- _Work order_
Set down the data again word for word. Skip any pictures.

- _Supplied data_

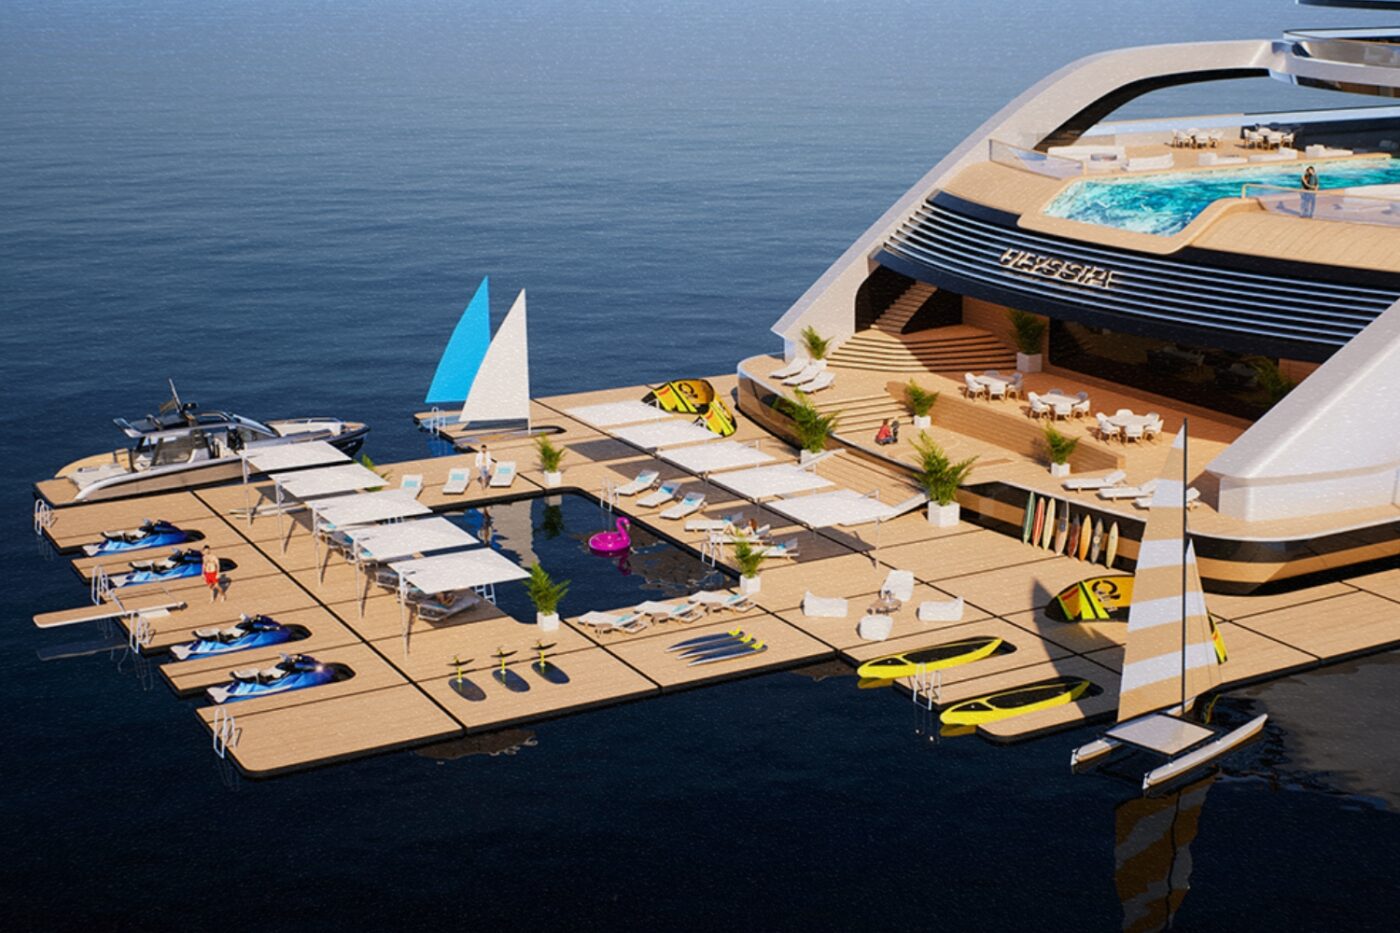 World’s Largest Superyacht Is Bigger Than The Titanic &amp; Way More Luxurious
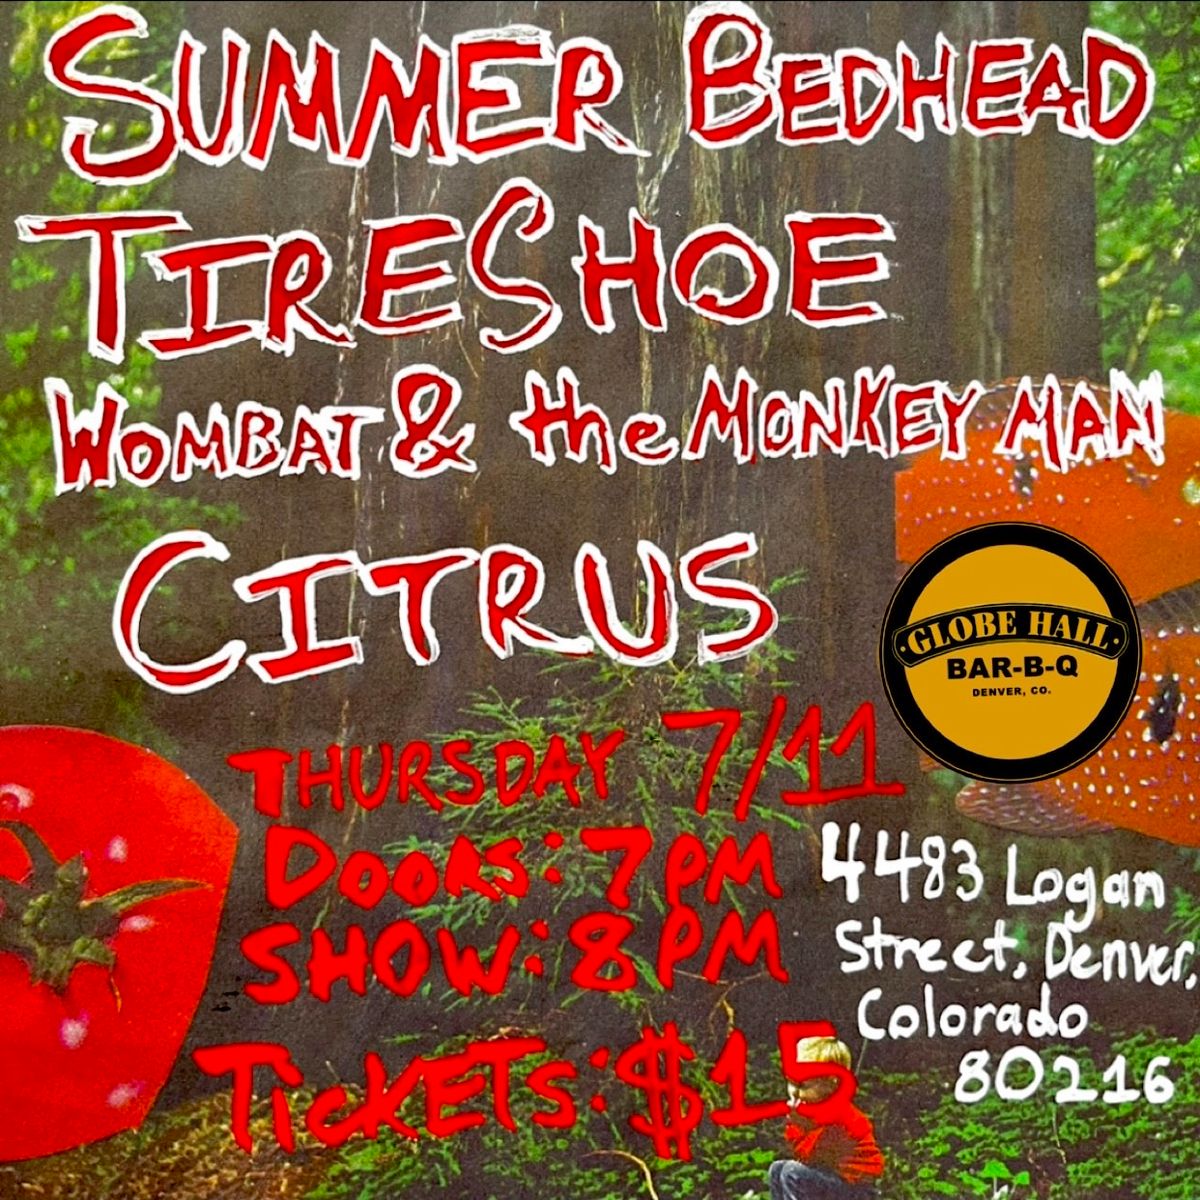 Summer Bedhead w\/ Wombat and The Monkey Man, Tire Shoe + Citrus
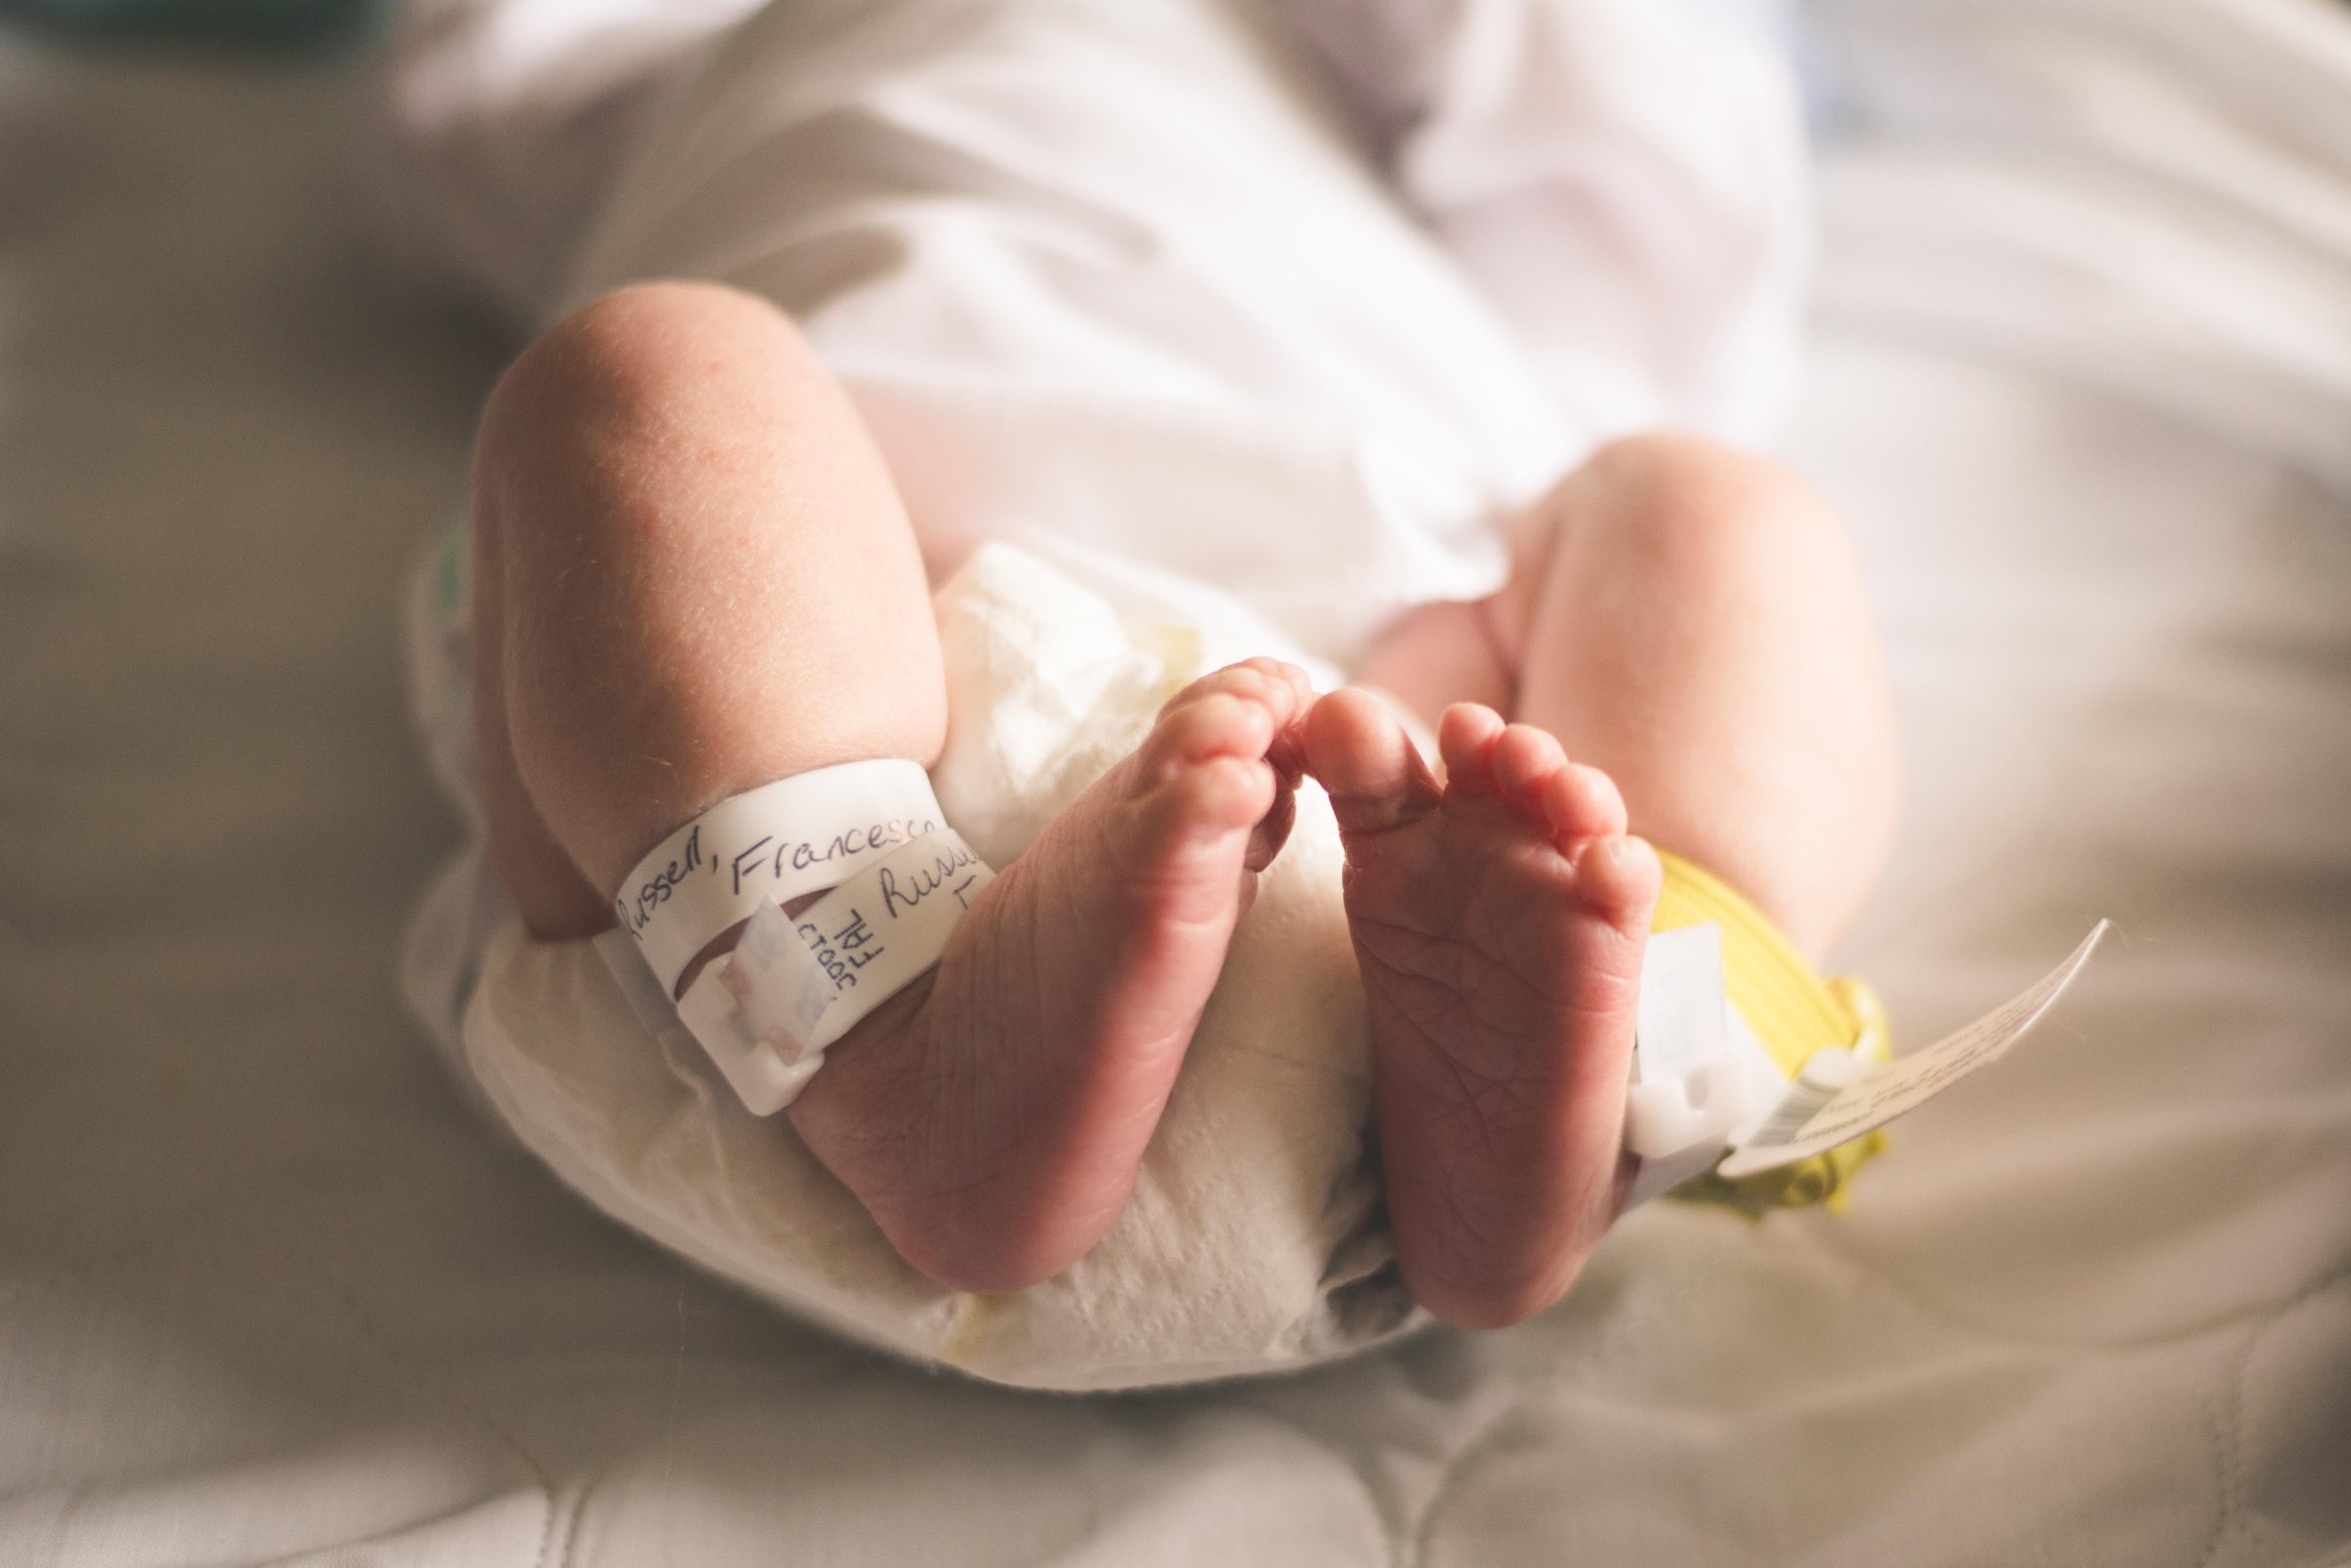 Newborn baby with tiny feet and name bracelets laying on bed in hospital
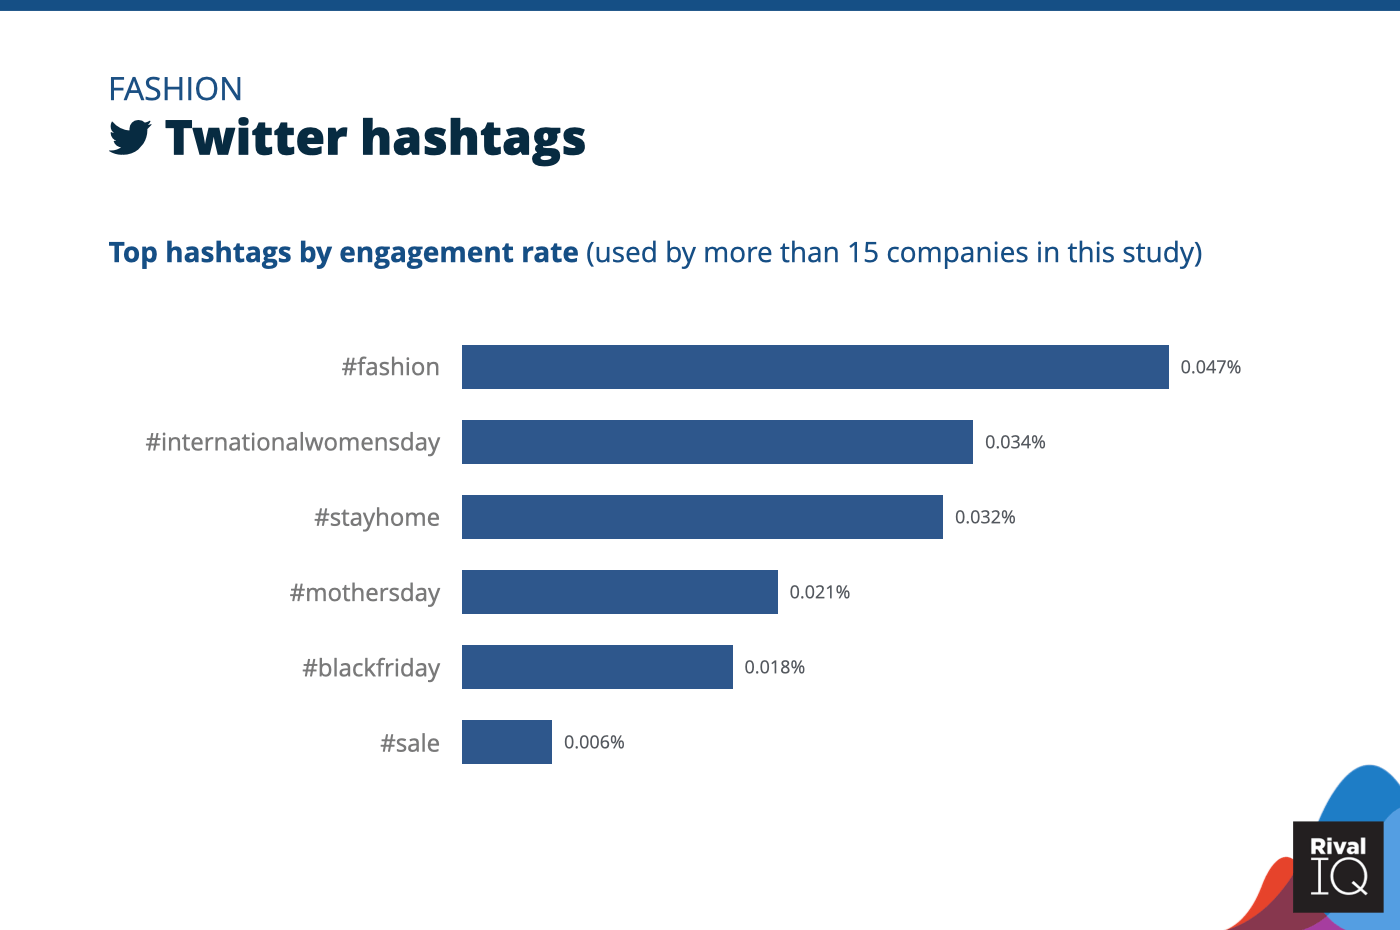 Chart of Top Twitter hashtags by engagement rate, Fashion

- _Solution to the problem_
 World’s Largest Superyacht Is Bigger Than The Titanic &amp; Way More Luxurious
 Summer Bedhead w\/ Wombat and The Monkey Man, Tire Shoe + Citrus
 Newborn baby with tiny feet and name bracelets laying on bed in hospital
 Chart of Top Twitter hashtags by engagement rate, Fashion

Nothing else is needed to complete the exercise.